Comenzamos a empacar en enero, convencidos de haber tomado una buena decisión. En realidad, nada nos detenía en la ciudad donde vivíamos y el clima era algo a lo que nunca nos pudimos adaptar. Dejar la ciudad de las montañas, entonces, fue la meta. Para poder llegar al mar, a la bruma, al lugar en donde la temperatura, al menos para nosotros, es ideal.

Cerrar ciclos de clases, exposiciones, trabajos. Dejar en suspensión a los amigos, aunarlos a la lista de nuestros amigos a distancia. Y el trabajo, el grandísimo trabajo de empacar. La mudanza contó 105 cajas además de todos los muebles. Y le tomó una semana llegar al otro extremo del país. Prácticamente, de una costa a la otra por la parte más ancha.

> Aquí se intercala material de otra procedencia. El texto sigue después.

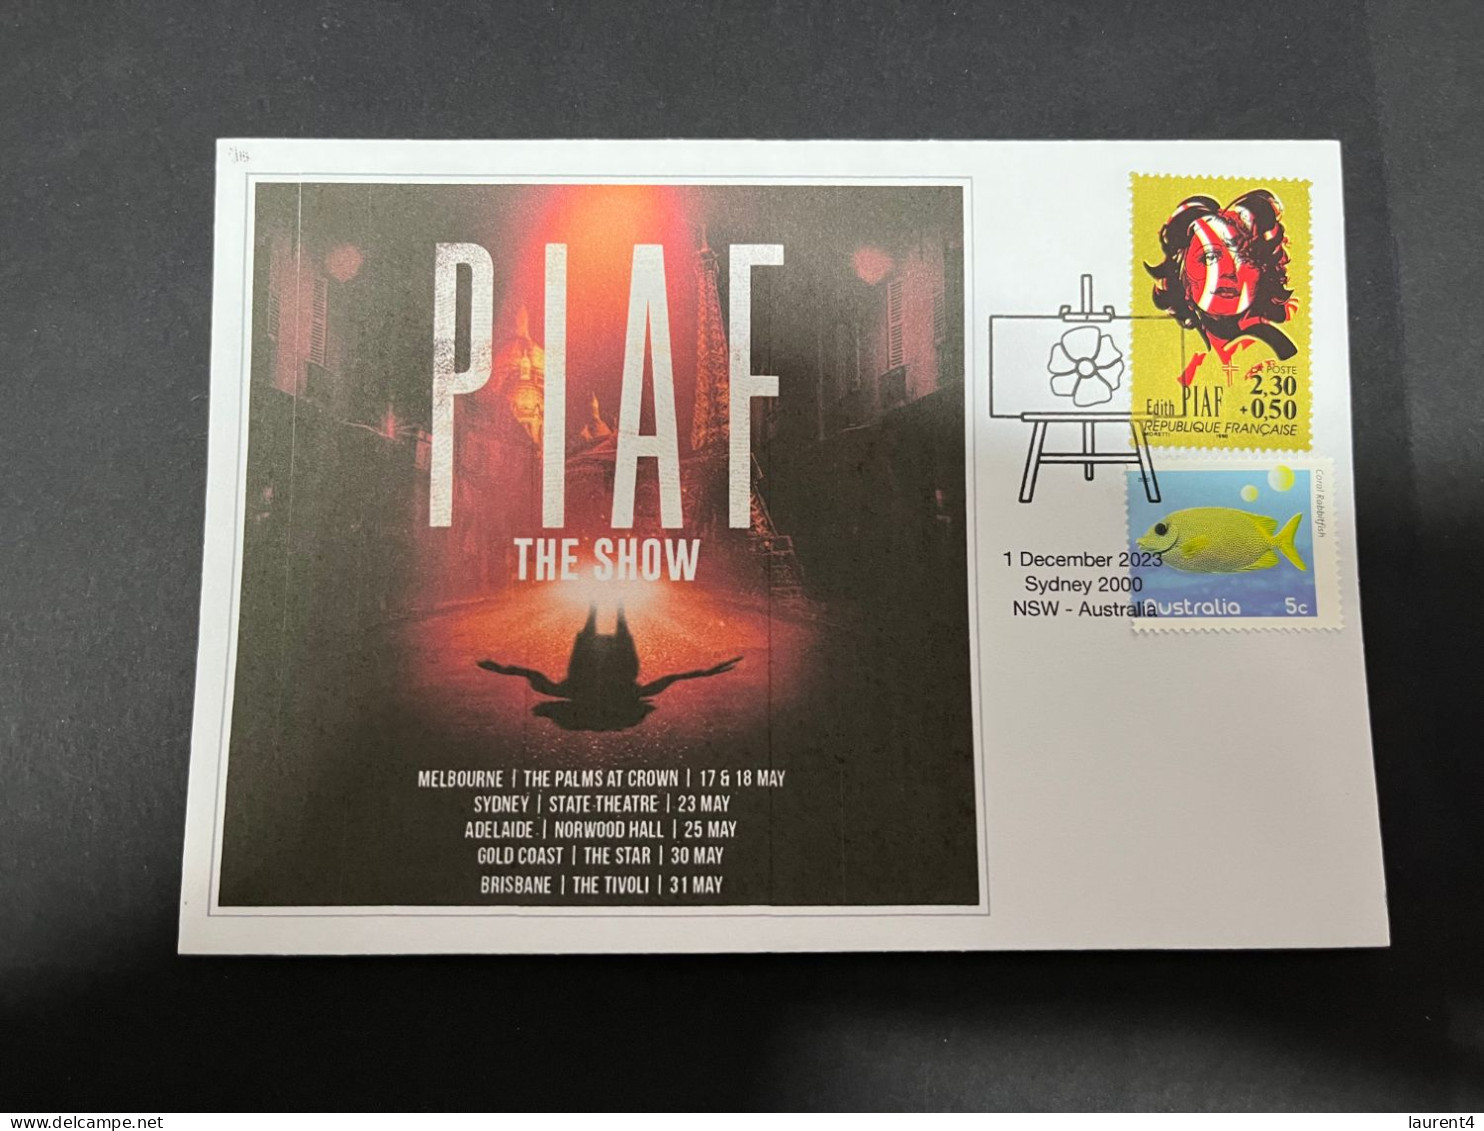 5-12-2023 (1 W 23) New Edith Piaf Six Concert Shows Anounced In Australia During May 2024 - With Edith Piaf Stamp - Sänger
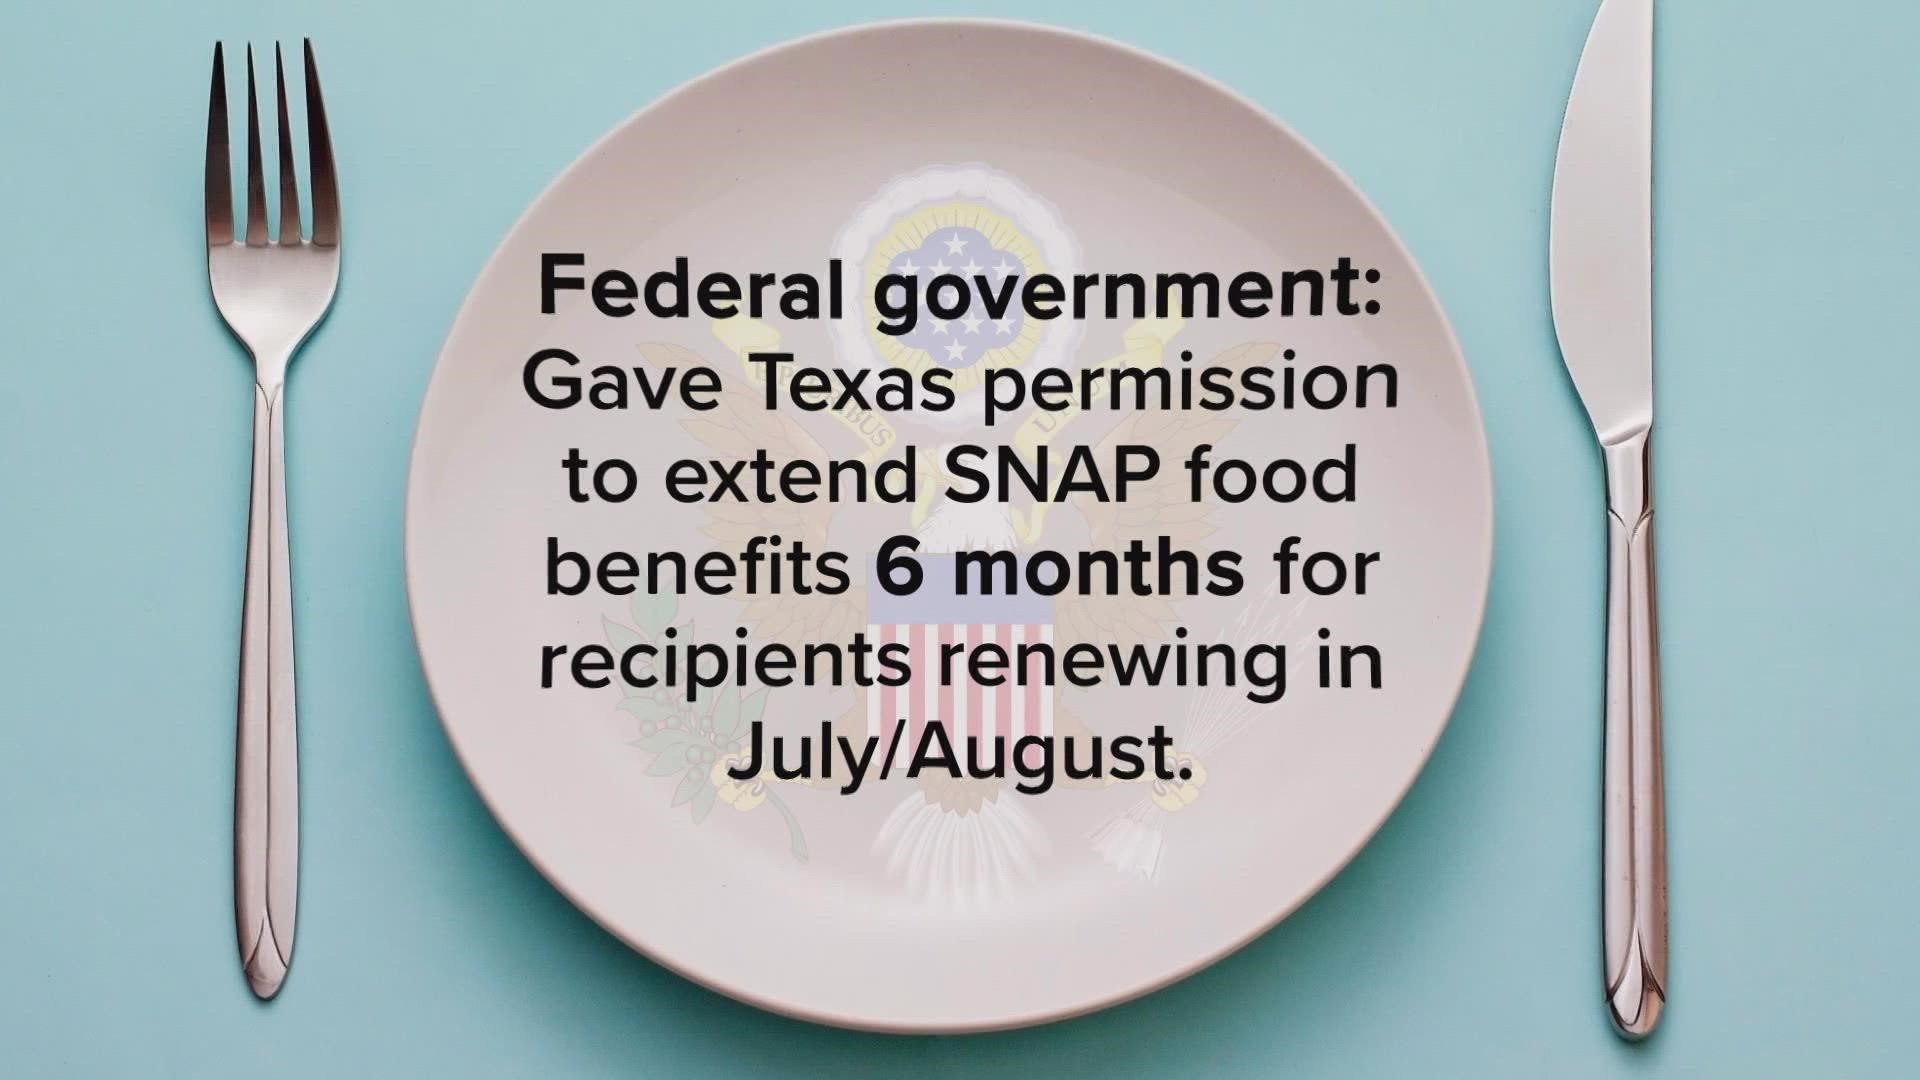 There are 332,798 applications for food benefits waiting to be processed in Texas.

Nosotros empacamos lo que pudo caber en mi autito, acomodamos a nuestros dos perros en los asientos de atrás, pasamos la noche previa al viaje en casa de nuestros hospitalarios y entrañables vecinos, y partimos de madrugada hacia Laredo para hacer el recorrido por el otro lado con la idea de ahorrar en casetas y gasolina, y evitarnos la desastrosa inseguridad de nuestras carreteras.

 Y al cabo de dos días, entramos por la espectacular carretera escénica a Ensenada, con la emoción de haber terminado una parte de la aventura y estar apenas pisando el umbral del resto. Cinco días de campamento en una casa vacía, sobre un colchón de aire, intentando hacer trámites para obtener servicios de gas y teléfono, buscando plomeros y electricistas porque la casa había estado desocupada muchos meses y requería varios arreglos.

Y el día de madres llegó nuestra mudanza a las nueve de la mañana. Nos causó sorpresa que mucho de lo que bajaban del camión tenía como destino mi estudio. Cajas y cajas y cajas. Mi material de artista plástica, mis libros de escritora, el material de clases para mis alumnos, los libros de arte, los libros, los libros… y fue hasta hoy, hasta este día, que he podido organizar precariamente el contenido de las cajas para acomodarme en este nuevo espacio, para irlo sintiendo y escuchando para poder hacerlo mío. 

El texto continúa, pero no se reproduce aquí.